I never bought into the theory in the first place that there is such a thing as an objective reality. That doesn’t sit well with me. Really, any film needs both. You need some form of realism, even in a cartoon, to draw the audience in. They’ve got to be able to identify with something and recognize something and be ready for the formalism that comes in to take them on a trip and to tell them a story. Even the most straightforward documentary—like newscasts—are full of formalism, and they require formalism, because without it there’s no story, there’s no syuzhet. [laughing] It’s just newsreel footage without any construction to it. You really need a marriage of both. With cartoons, the drawings are completely reflexive and formalist. But if you look at a film like Lily and Jim or Billy’s Balloon, the soundtrack is quite realist. They’re very raw and they’re very harsh and it’s a nice marriage. They’re just stick figures, but you can watch two stick figures because they sound like real people.

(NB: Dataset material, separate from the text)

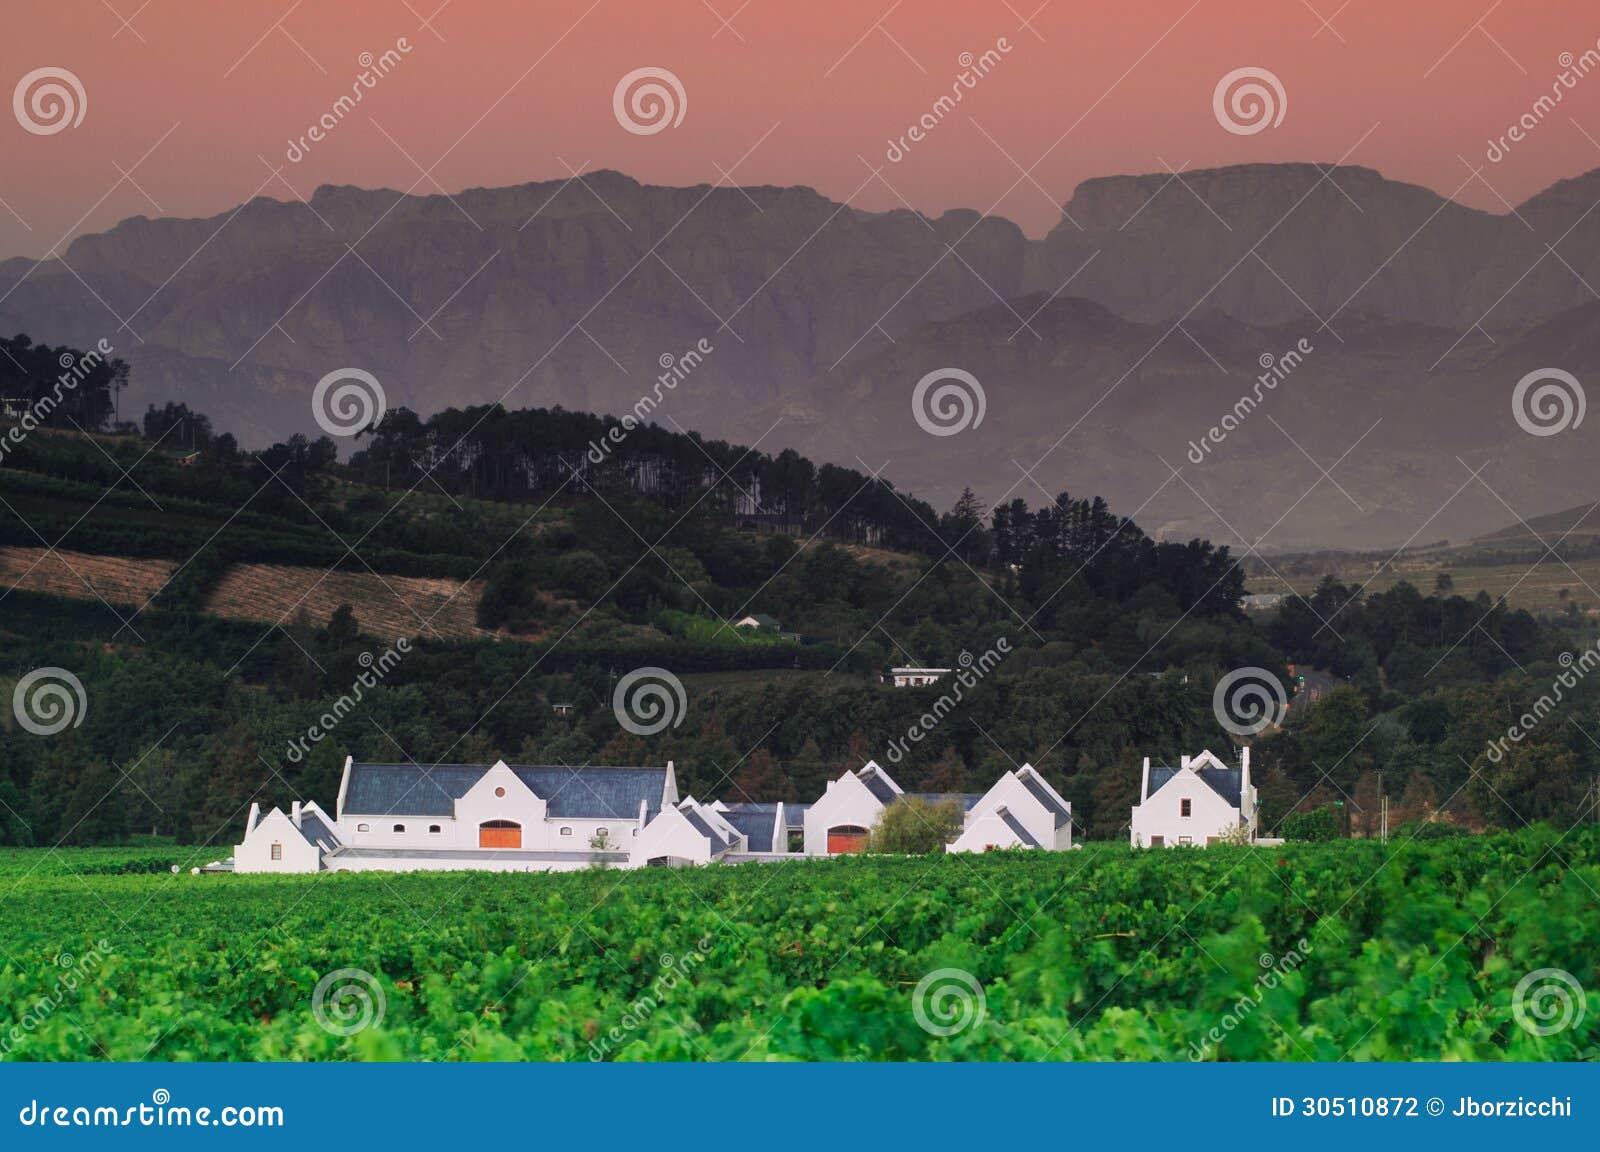 Landscape image of a vineyard, Stellenbosch, South Africa.

With Lily and Jim a lot of people thought we actually recorded candid people talking—like in a documentary—and just happened to animate them. In Billy’s Balloon, there’s no music, there’s no release. It’s just very minimal, gritty, real sound effects that we went out and Foleyed, and it’s a nice marriage. I think that any film needs a bit of both.

That’s a good answer. I think you’ll make [UCSB Film Studies Professor] Ed Branigan proud with that one.

I got an A in theory! I love theory!